The validity, or lack thereof, of this chapter’s contents will instead be deemed to primarily rest upon the validity of all previously espoused epistemic certainties regarding our awareness as eidems.
7.2. This Treatise’ Use of Terminology Regarding Consciousness
Whereas being conscious of can in certain contexts be understood by some as fully synonymous to being aware of, being conscious and a consciousness will for those here concerned strictly address that awareness pertaining to an eidem—but not that awareness which, for example, we as eidems can infer occurs within the non-eidemic portions of our minds.

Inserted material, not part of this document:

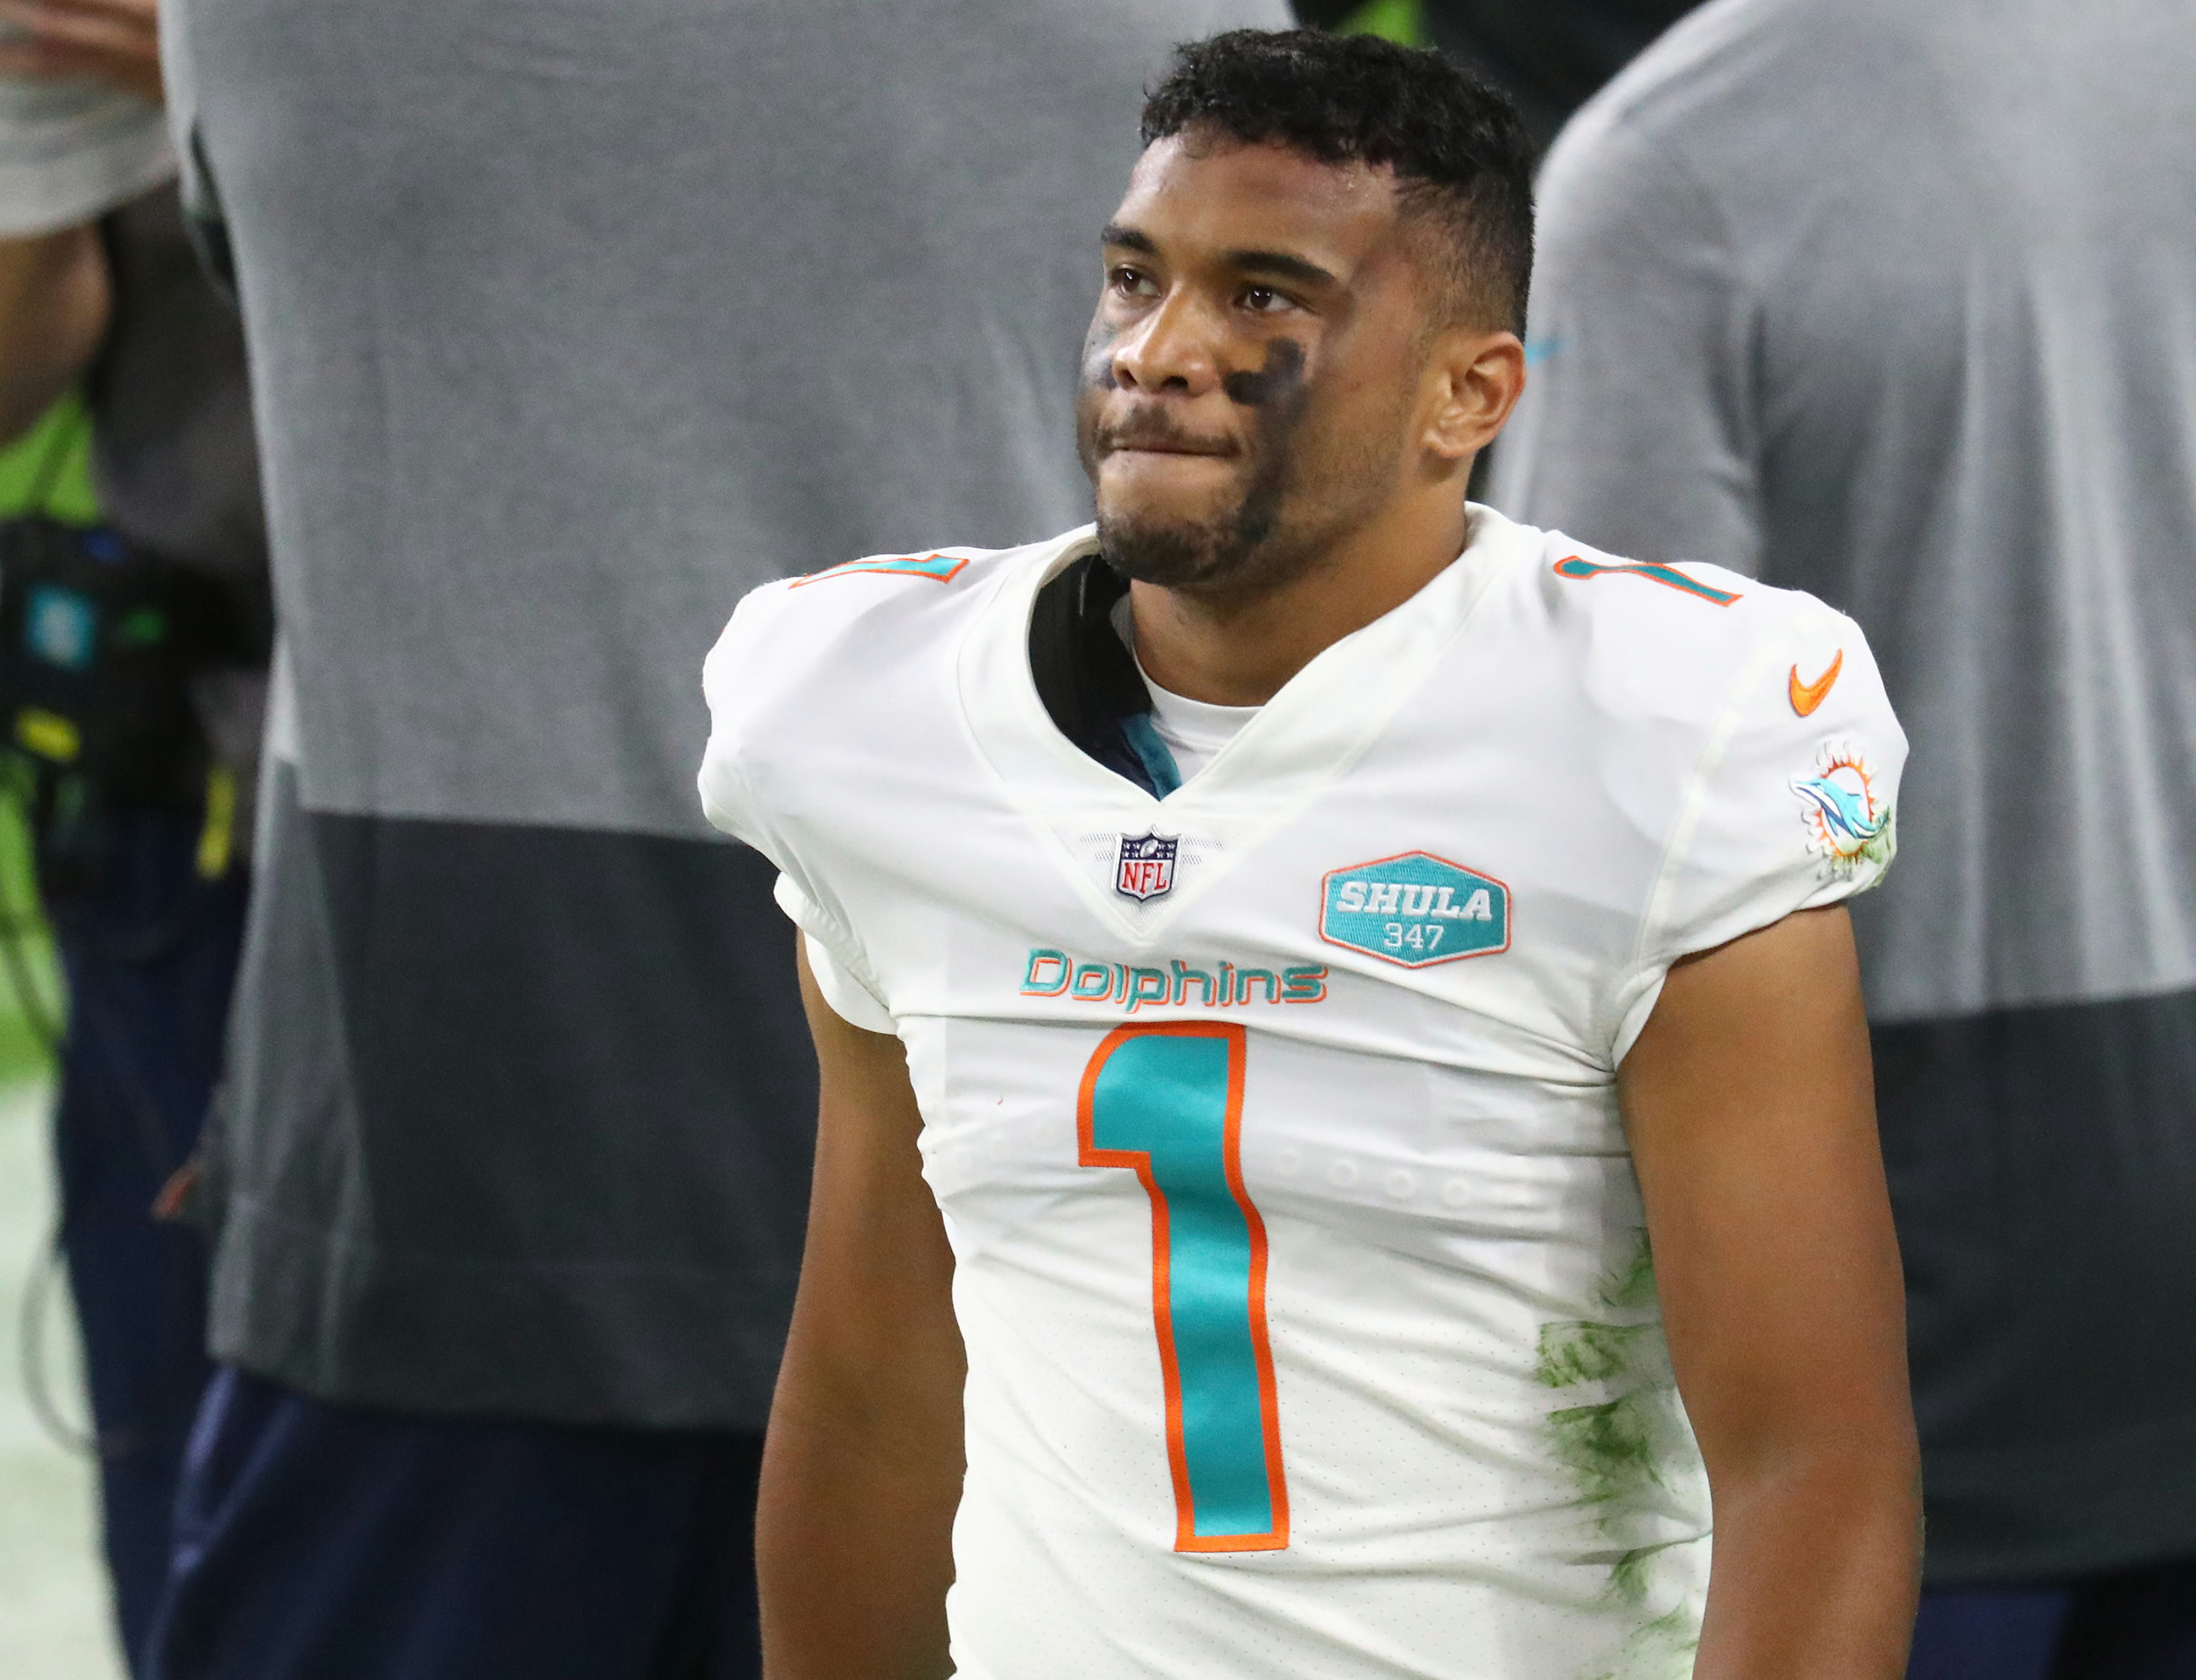 Dolphins 3 options with 3rd overall pick in 2021 NFL Draft

For instance, consider an intuition which informs a given eidem of something the eidem was previously unaware of (as an example, the intuition maybe informing the eidem that some other person’s motives where not as the eidem initially cognized them to be). Whereas it might be appropriate for some in certain situations to express, “My intuition was conscious of things I was not”—here equating conscious of to aware of—it will be at best exceedingly aberrant for the same person to affirm either that, “My intuition was conscious in ways I was not,” or that, “My intuition’s consciousness was different from my own.” The latter two affirmations—that of being conscious and that of a consciousness—will instead be strictly reserved by all those here concerned for the purposes of addressing that awareness which pertains to an eidem (which, in the just given example, apprehends its intuition as an ennoological endo-allocept that, as such, conveys to the eidem novel information).

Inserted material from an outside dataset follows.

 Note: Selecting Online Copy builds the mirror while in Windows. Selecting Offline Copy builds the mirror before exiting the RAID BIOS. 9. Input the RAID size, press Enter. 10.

That being conscious and a consciousness—as well as the abstracted notion of consciousness—are strictly reserved for eidems by those here concerned becomes maybe more evident when considering subconsciousness or unconsciousness. Here, awareness is partitioned into that awareness which belongs to the eidem—this being conscious awareness—and that awareness which does not belong to the eidem but instead pertains to those aspects of the eidem’s total mind of which the eidem is ignorant of—hence, into either subconscious awareness or unconscious awareness.
Equivocations can occur. For example, in affirming that, “My intuition was conscious of things I was not,” one ascribes some form of awareness to one aspect of either one’s subconscious or unconscious mind. This then translates into the affirmation that one’s subconscious or unconscious mind, in whole or in part, can be conscious of things one as eidem is not. This affirmation, in turn, can further result in the inference that one’s subconscious or unconscious is of itself conscious—i.e., that it is endowed with consciousness—thereby holding the potential to result in the following contradiction: That awareness which is not conscious (being instead affirmed as occurring beneath that which is conscious awareness in the case of the subconscious or, else, being more directly affirmed to be nonconscious awareness in the case of the unconscious) is at the same time and in the same respect conscious.
To avoid any such potential semantic confusions, it is to be understood that within this treatise being conscious and a consciousness—as well as the more generalized understanding of consciousness as the attribute which pertains to that which is conscious—will strictly reference that awareness which is held by eidems. Hence, whereas this treatise might affirm that the subconscious or unconscious mind, in whole or in part, can be in some ways aware, consciousness (which is conscious) will at all times strictly reference that awareness which pertains to an eidem—to which a subconscious or unconscious mind can be inferred to belong.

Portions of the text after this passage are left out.